Fury has lost twice to Usyk. Not just in a way that leaves the door open for easy correction, but in fights where he couldn’t secure a decision and couldn’t impose the kind of physical dominance that once defined him. Even in the description of the way forward, the admission is built in.
“He’s come to terms with the two losses,” Davies told Boxing Social, echoing Fury’s own view. “I have to knock him out to beat him … I don’t think I can get a decision against him.”
That line doesn’t sound like a warrior in control of the terms. It sounds like someone believes the only route left is the toughest one available, against the same opponent who has denied him twice.

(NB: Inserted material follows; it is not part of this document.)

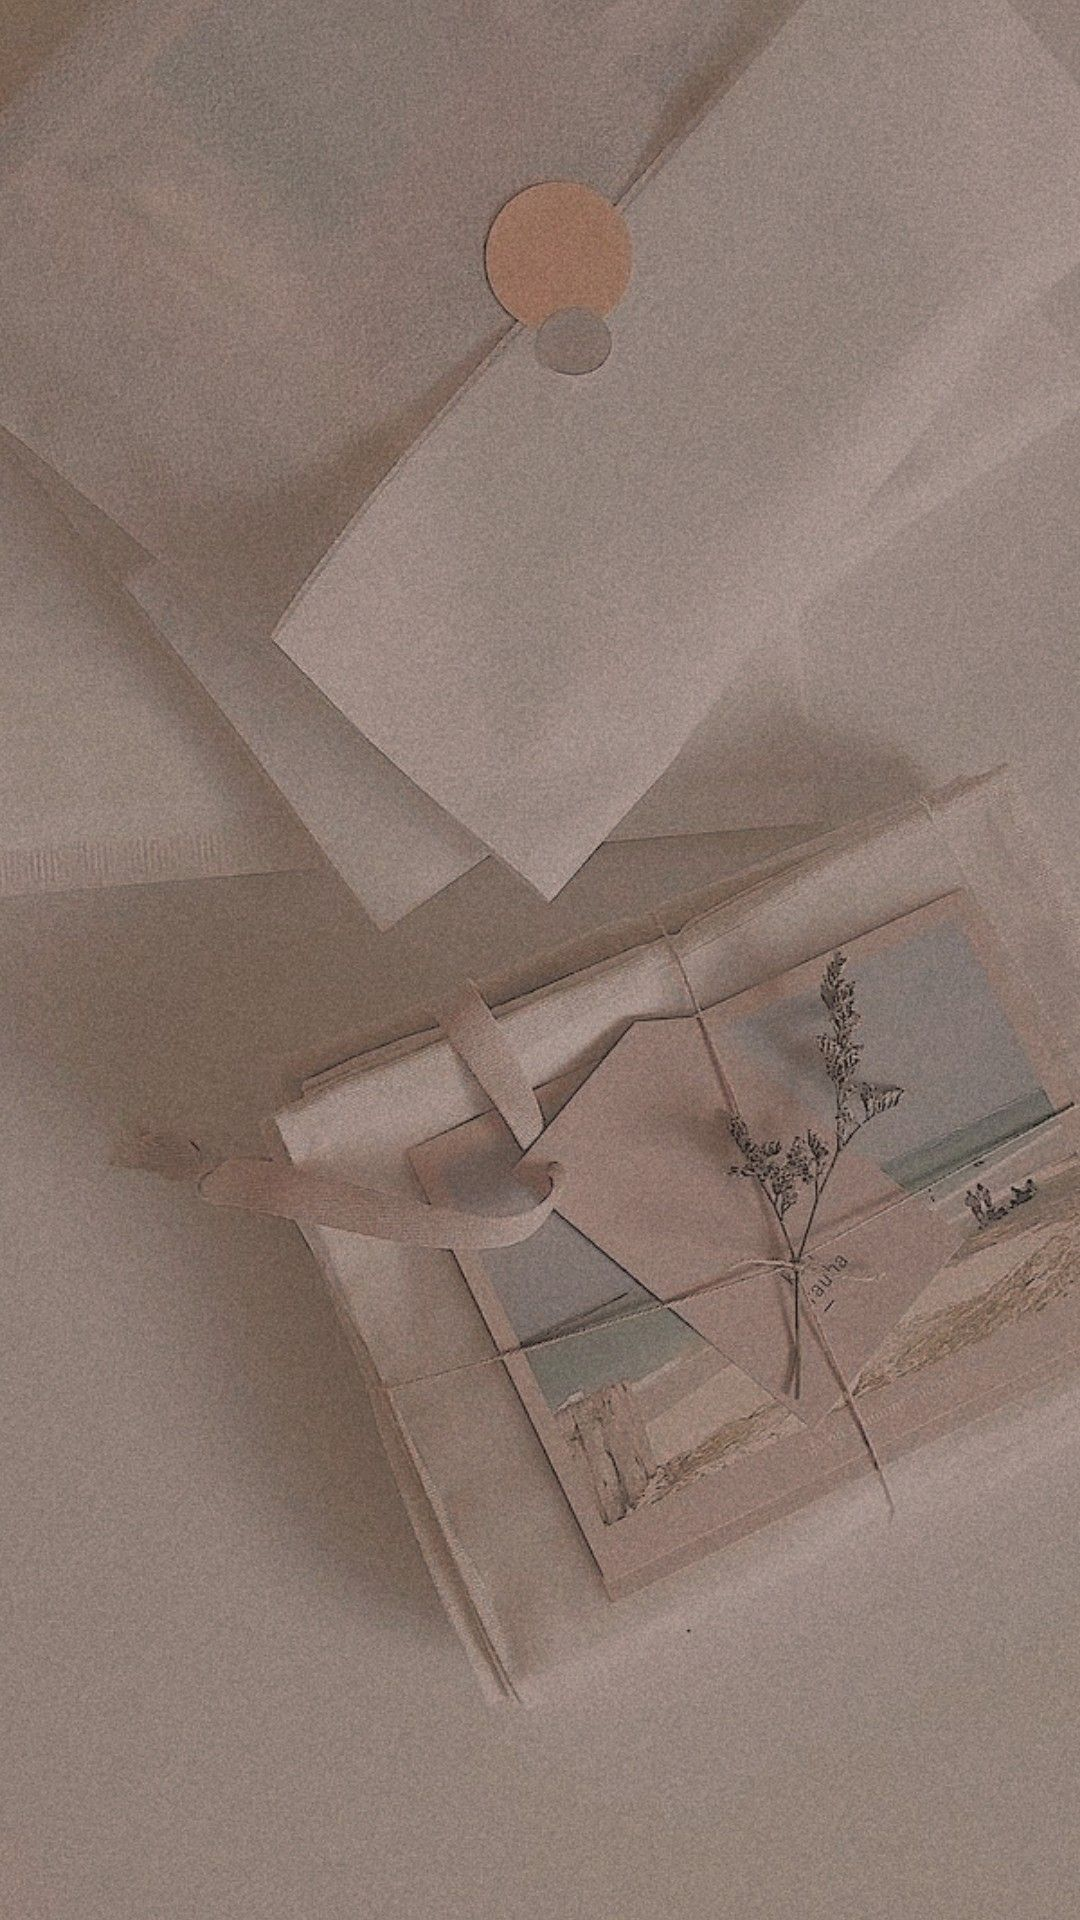 ˏˋ Pintereѕt Sstarstuff ˊˎ Aestheticflowers Aesthetic Wallpapers Aesthetic Pastel Wallpaper Pastel Aesthetic

The Makhmudov fight sits at the forefront of this plan, but it is being treated more like a step than a test. Davies suggested that if Fury performs at the level he showed against Usyk, he should handle Makhmudov without much trouble. That may be true. It also sidesteps the more relevant point. Fury’s version of those Usyk fights was not dominant. It was competitive, but it fell short.
At the same time, Fury acknowledges where he is in his career. Davies said Fury realizes he is getting old in boxing terms and may only have three fights left. That awareness is real. The plan built around that still assumes he can summon something else when it matters most.
There is also a pattern hanging over it all. Fury has announced retirement more than once. After Wladimir Klitschko. After the third fight with Deontay Wilder. Again, more recently. Each time the end was presented as final. Every time it wasn’t.
This plan feels familiar. Fury has said it before, setting up another short run and circling back to Usyk again.
The difference now is that the evidence has changed. Fury no longer operates from a position where he dictates the outcome. He tries to build a finish around a result that he could not deliver.
The road map is clear. Whether the fighter needed to pull it off is still around is the unanswered part.